There are definitely advantages to address-space isolation: an unintentional
mistake in one component is much less likely to affect the other, the two
components can pull in conflicting versions of dependencies, etc. But
versioning and ABI compatibility remain issues. I think this post briefly
touches on the versioning problem and assumes that providing both the old and
new version of the library-daemon would solve it: that's probably technically
true, but you'd need to keep every version of the library around to avoid the
problem of libc introducing bugs in the process of fixing other bugs (the only
concrete problem mentioned here). So yes, there's definitely more flexibility
to solve problems than in the current implementations of dynamic linkers, but
the problems themselves remain hard.

Meanwhile, you've also introduced the difficult constraint that libraries have
to operate on copies of all your data. The hypothetical crypto library here is
copying every block of ciphertext over an inter-process call, decrypting it,
and copying it back to the original program. Apart from making security folks
generically twitchy at all the copies of secret data running around, this is
going to be awful for performance. And each side either has to trust the other
side not to be trying to exploit it (which reduces the benefits of address-
space isolation), or verify the data structures' integrity (which makes things
even slower). It's possible that with good implementations of cross-process
shared memory and low-overhead, secure message encodings (like Cap'n Proto),
you could make this better, but it'll be a bit of a project.

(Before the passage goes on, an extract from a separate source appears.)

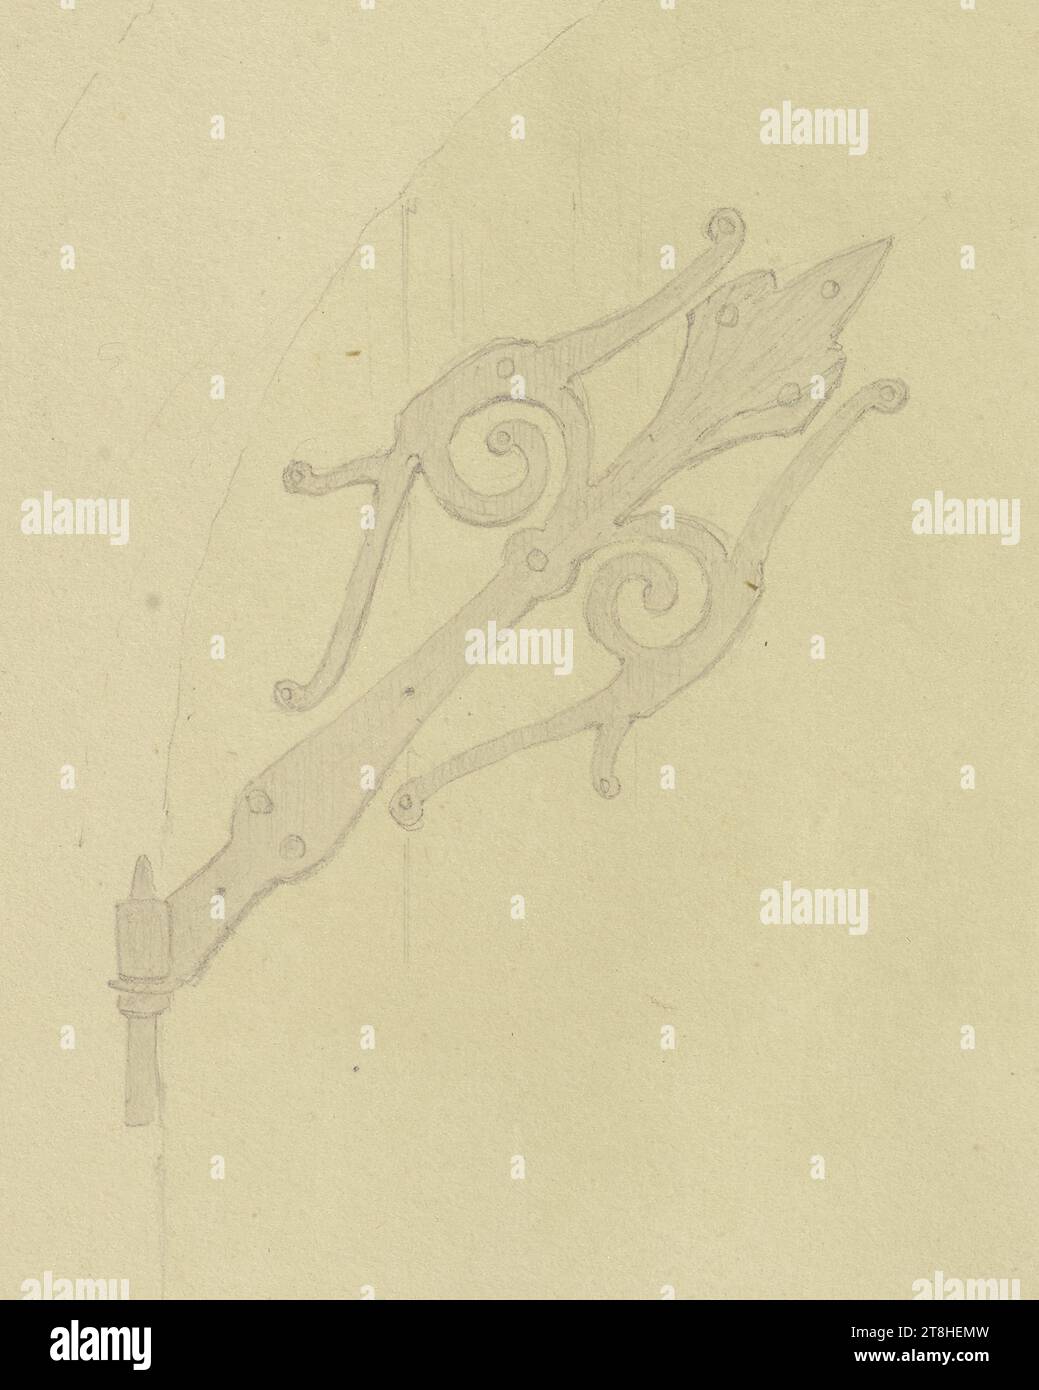 CARL THEODOR REIFFENSTEIN, door hinge in Boppard, July 17, 1885, sheet, 117 x 93 mm, pencil, yellow-brown and blue-gray wash, on paper, door hinge in Boppard, CARL THEODOR REIFFENSTEIN, page, adhesive tapes, volume 40, page 49, part number / overall, 3 / 3, BOPPARD, 19TH CENTURY, DRAWING, pencil, yellow-brown and blue-gray wash, on paper, GRAPHITE-CLAY MIXTURE, INK?, WASH?, PAPER, PENCIL DRAWING, WASH, GERMAN, ARCHITECTURAL STUDY, STUDY AFTER A CRAFT, TRAVEL STUDY, Dated and inscribed lower right, in pencil, Boppard July 17, 1885., Numbered on the page below the drawing, in black pen Stock Photo

I'm happy to admit that the implementations of dynamic linking are all less
than awesome. Fundamentally, there's no reason that you can't design a shared-
library system with all of the properties in this design, including the
ability to load two copies of the same library that differ only by minor
version, to satisfy dependencies of two different components. Even the current
GNU linker (which is not my favorite dynamic linker) supports symbol
versioning, so it _could_ offer both the GLIBC_2.18 and GLIBC_2.19 versions of
a function in the same library, although this facility isn't used very much.

------
malkia
My experience from Windows is that DLL's are both blessing and pain. I'll give
a concrete example, a not so small Qt application.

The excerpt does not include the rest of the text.